Consensus statements with ≥ 80% agreement

General statements

The reasons for PIVCs to fail may fall under 3 basic categories [1]:

  • The technology used, such as material, dressing, fixation, add-ons.

  • The caregiver’s skills during insertion, use, and care.

  • The intrinsic factors linked to the patient (body’s response, activity).

PIVCs can cause bloodstream infections/ bacteraemia.

Bloodstream infections from PIVCs are costly.

Bloodstream infections from PIVCs have a significant mortality, especially when caused by Staphylococcus aureus (about 13% [15]).

Once a bloodstream infection is present, mortality is similar for bloodstream infections due to peripheral and central catheters [13,16].

A number of intrinsic and extrinsic factors can increase the risk of infection (both insertion-site infection and catheter-related bloodstream infection - CRBSI) with PIVCs: age, severity of illness, multiple co-morbidities, and hospital length of stay.

Bacteraemia/ fungemia caused by PIVCs can lead to serious infections in other sites (e.g., endocarditis, which may lead to other septic embolic complications); this might require additional, long-term care (burden of complications).

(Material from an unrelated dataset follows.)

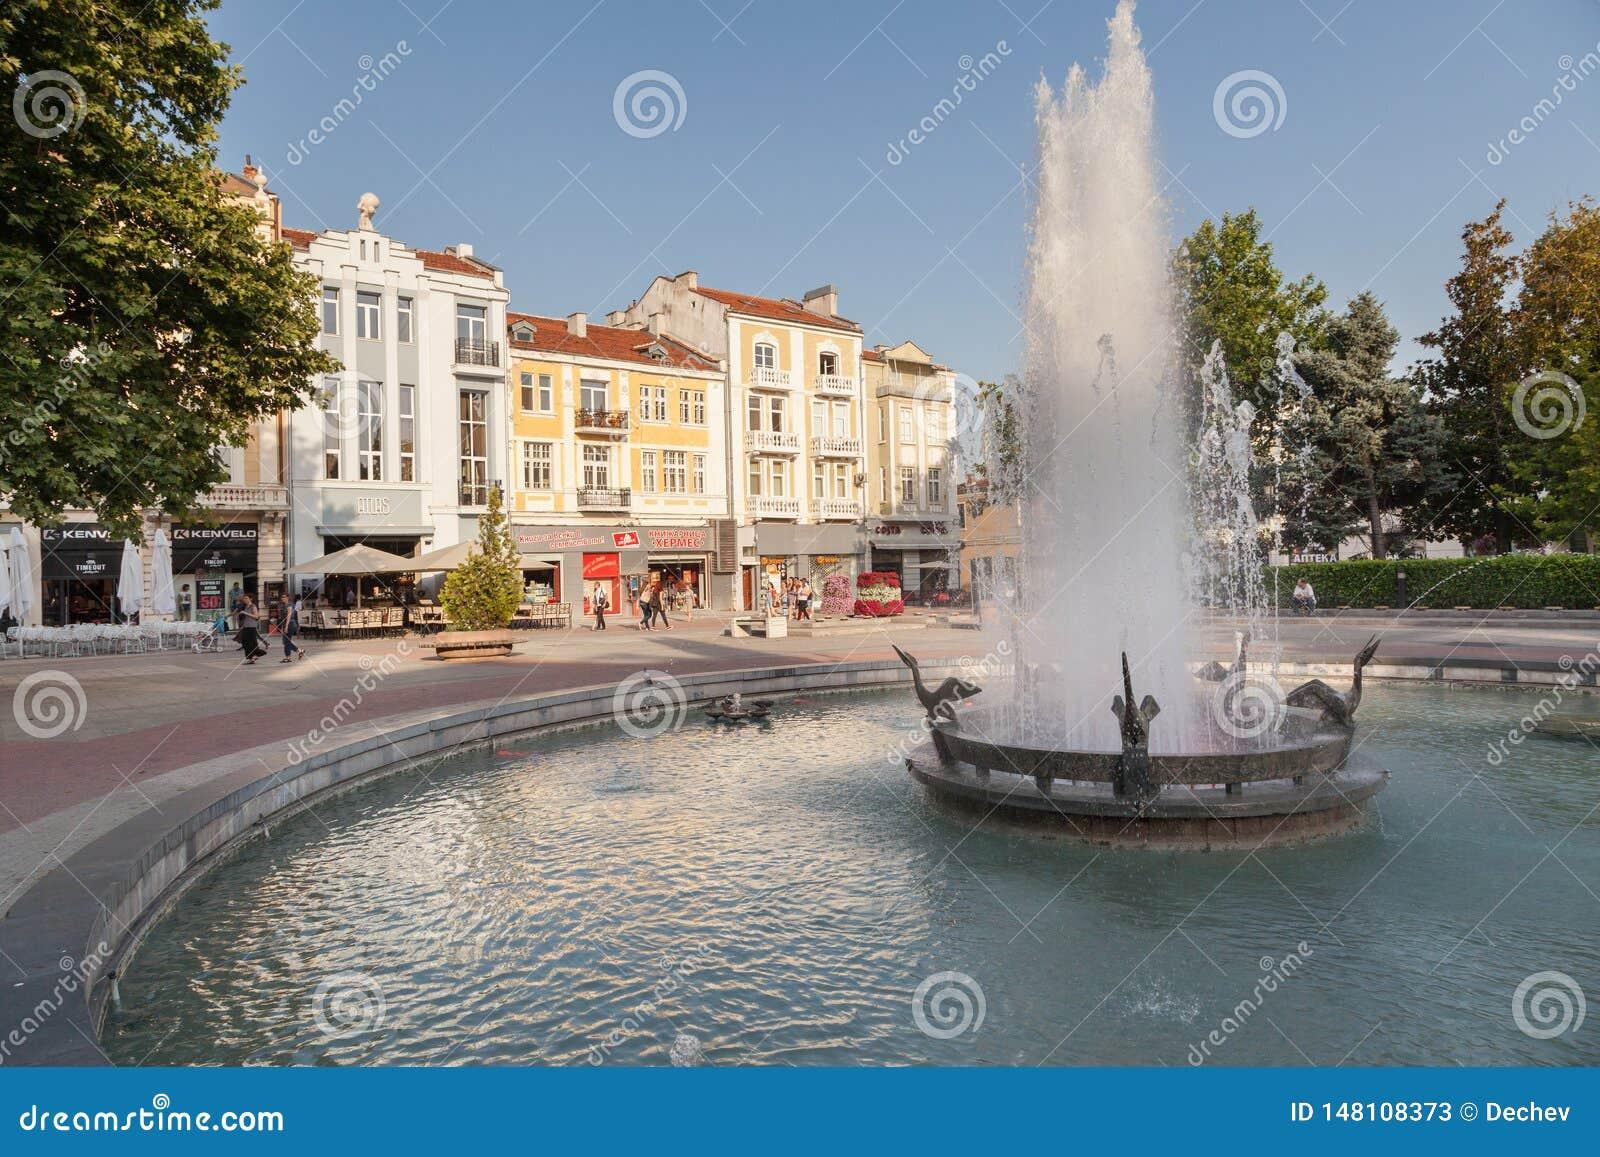 PLOVDIV, BULGÁRIA - 2 DE JULHO DE 2017: Ideia da fonte na rua do quintal e do quadrado central em Plovdiv, Bulgária Plovdiv é

There is a need to raise awareness of PIVC complications being a meaningful and potentially serious problem, because many healthcare providers do not currently recognize it as a such.

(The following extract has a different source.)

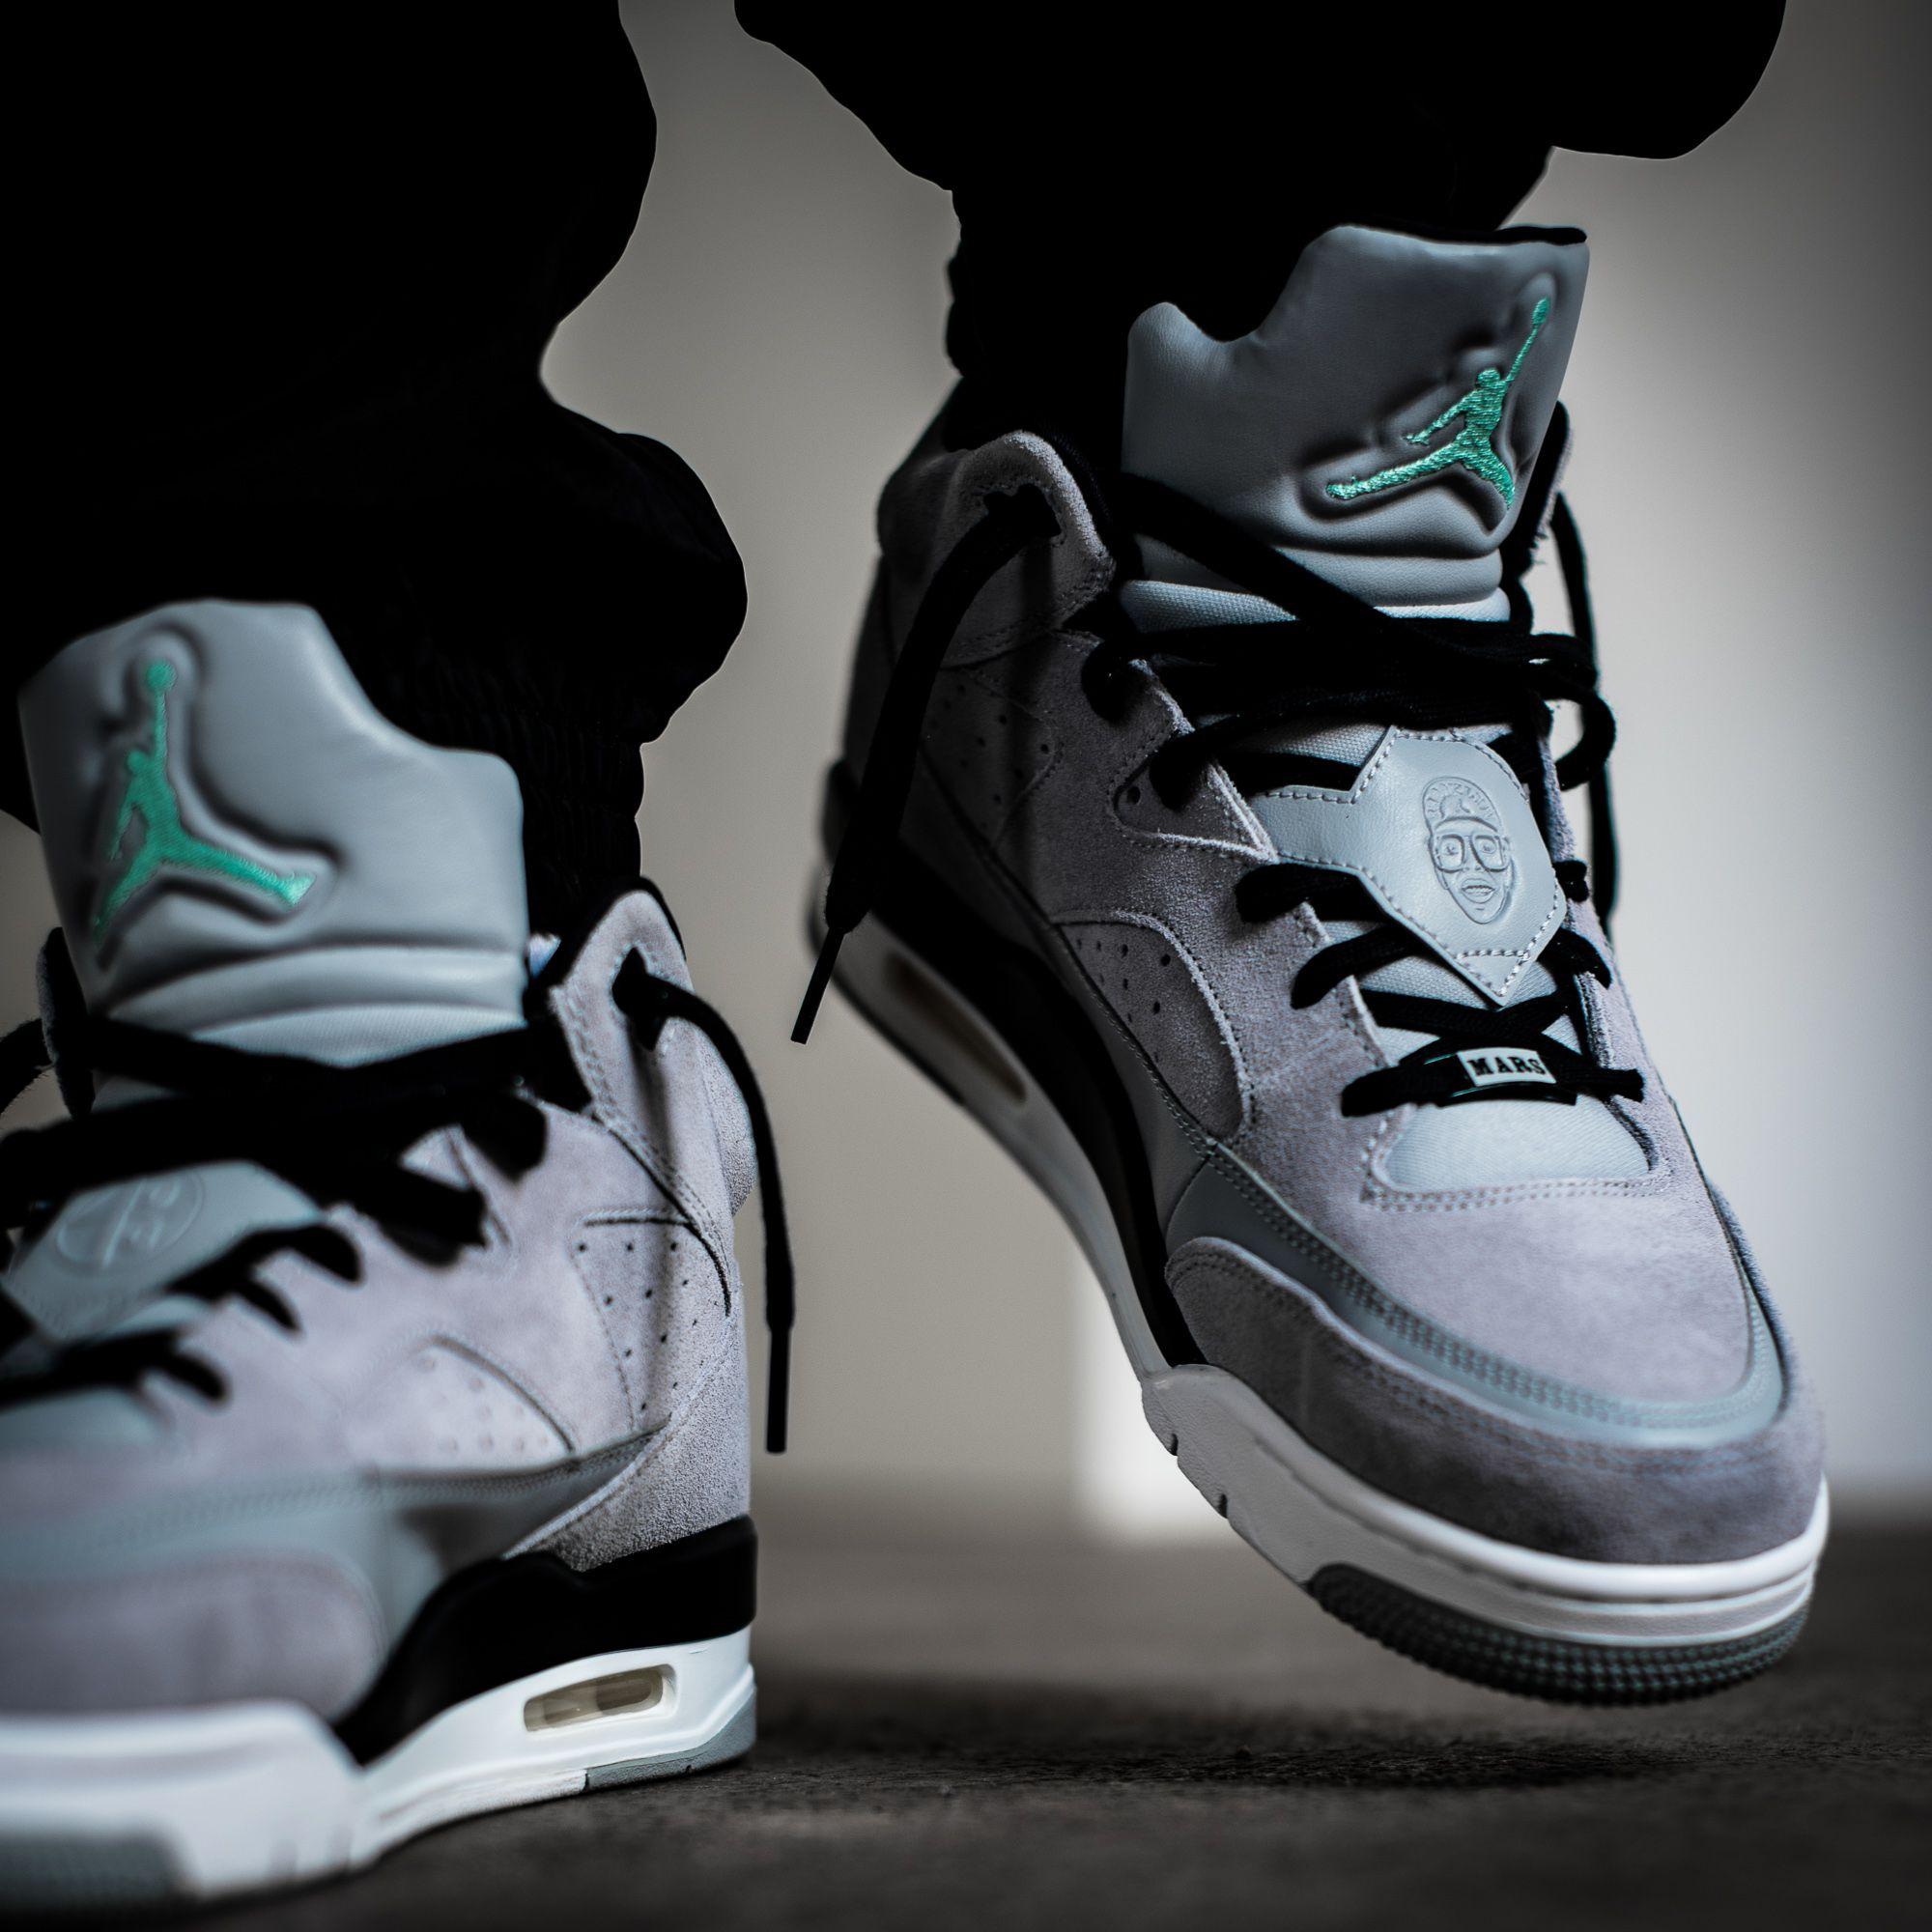 Jordans, Sneakers, Jordan basketball

PIVC complications can be infectious or non-infectious.

Non-infectious complications such as catheter displacement and dressing failure increase the risk for infection.

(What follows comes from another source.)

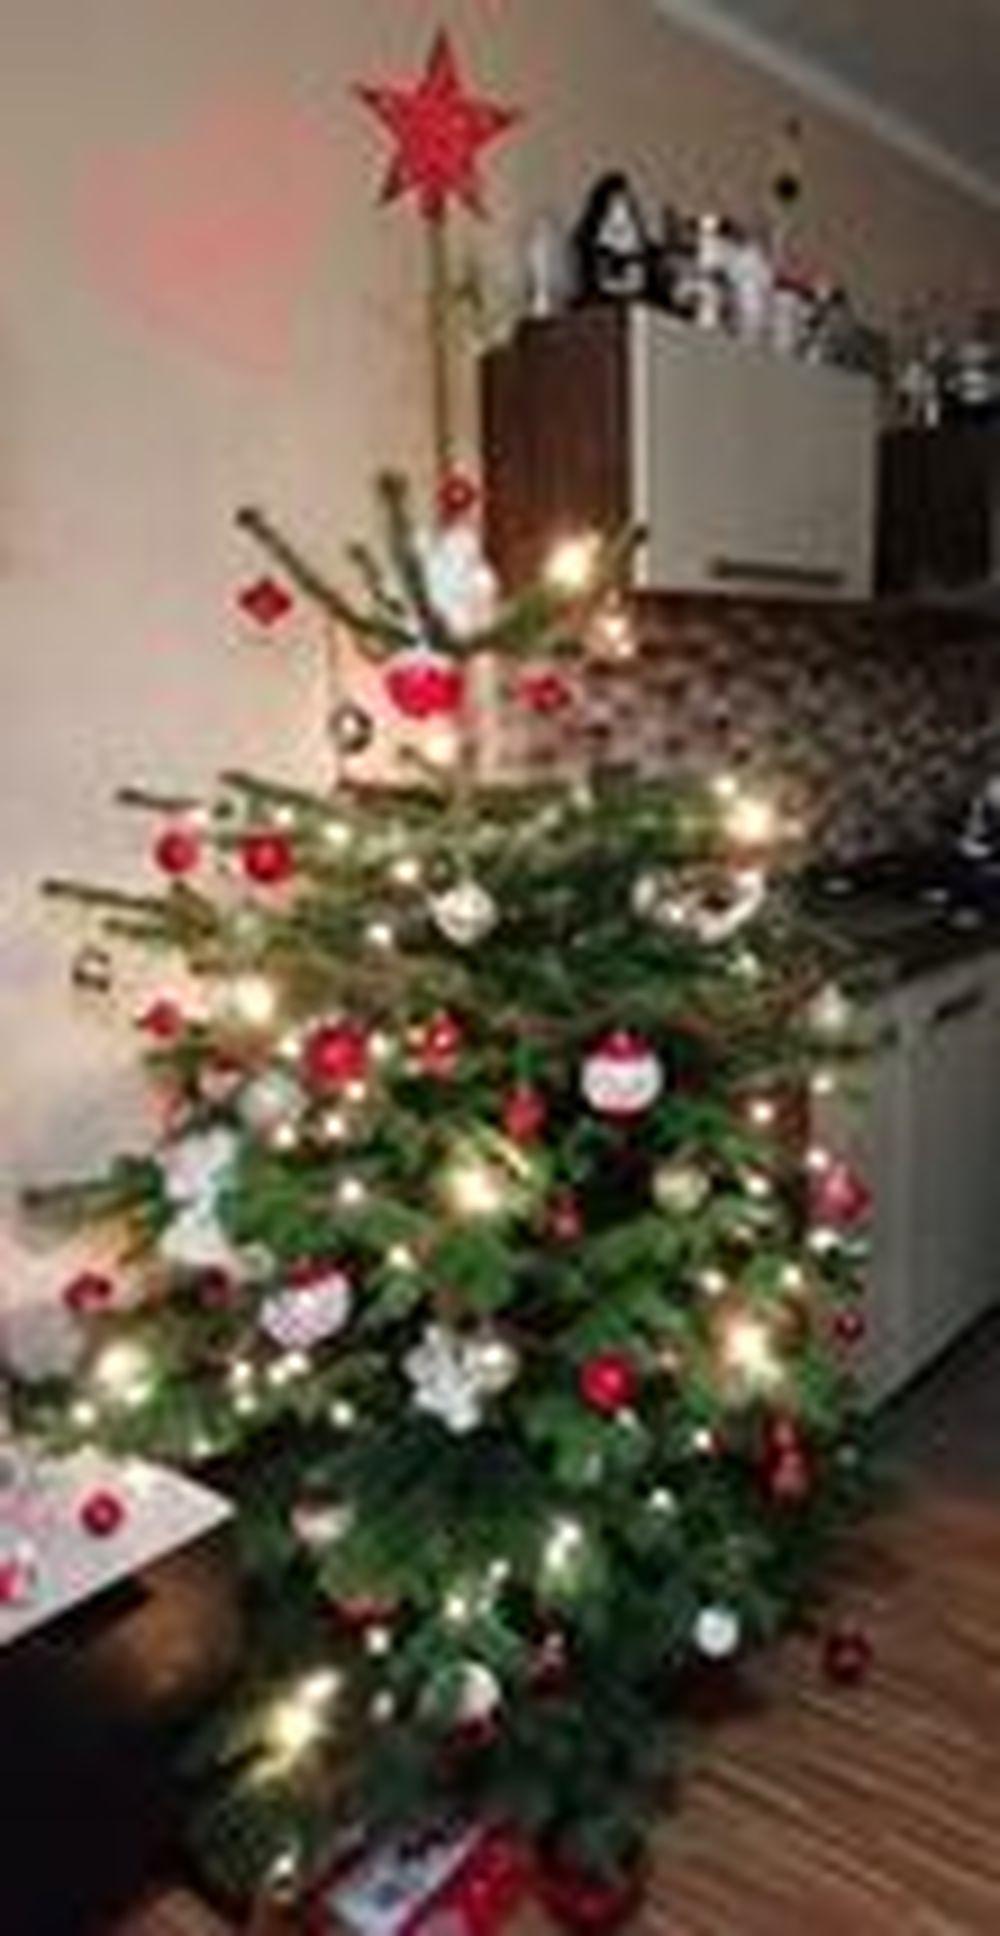 FOTO: Vianočné stromčeky v Žiline - výber fotografií našich čitateľov, foto 8

The failure modes for peripheral IV catheters constituting frequent complications include phlebitis, infiltration, occlusion/mechanical failure, and dislodgement [1].

Smaller-gauge catheters are associated with less phlebitis [1].

Catheters composed of softer, smoother-surfaced, and less porous plastics, such as polyurethane, have improved performance, and lower phlebitis and overall failure rates compared to catheters made of other materials [1].

Documentation is key for PIVC management and should include insertion and removal dates, indication, and all complications for every PIVC.

The continuing need for each PIVC should be assessed daily and any catheter no longer needed should be removed [31].

Surveillance and audits should be used to better monitor both practice and outcomes with the aim to prevent PIVC complications.

Education on PIVC insertion and care practice is important to develop competency and proficiency in all personnel handling PIVCs.

A PIVC bundle could be beneficial to reduce complications by standardizing practice.

A PIVC bundle should be affordable.

A PIVC bundle should include protocols to address all aspects related to the use of this device:

  • Defining indications for PIVC.

  • Use of a standardized insertion set.

  • Defining (writing) local insertion protocols.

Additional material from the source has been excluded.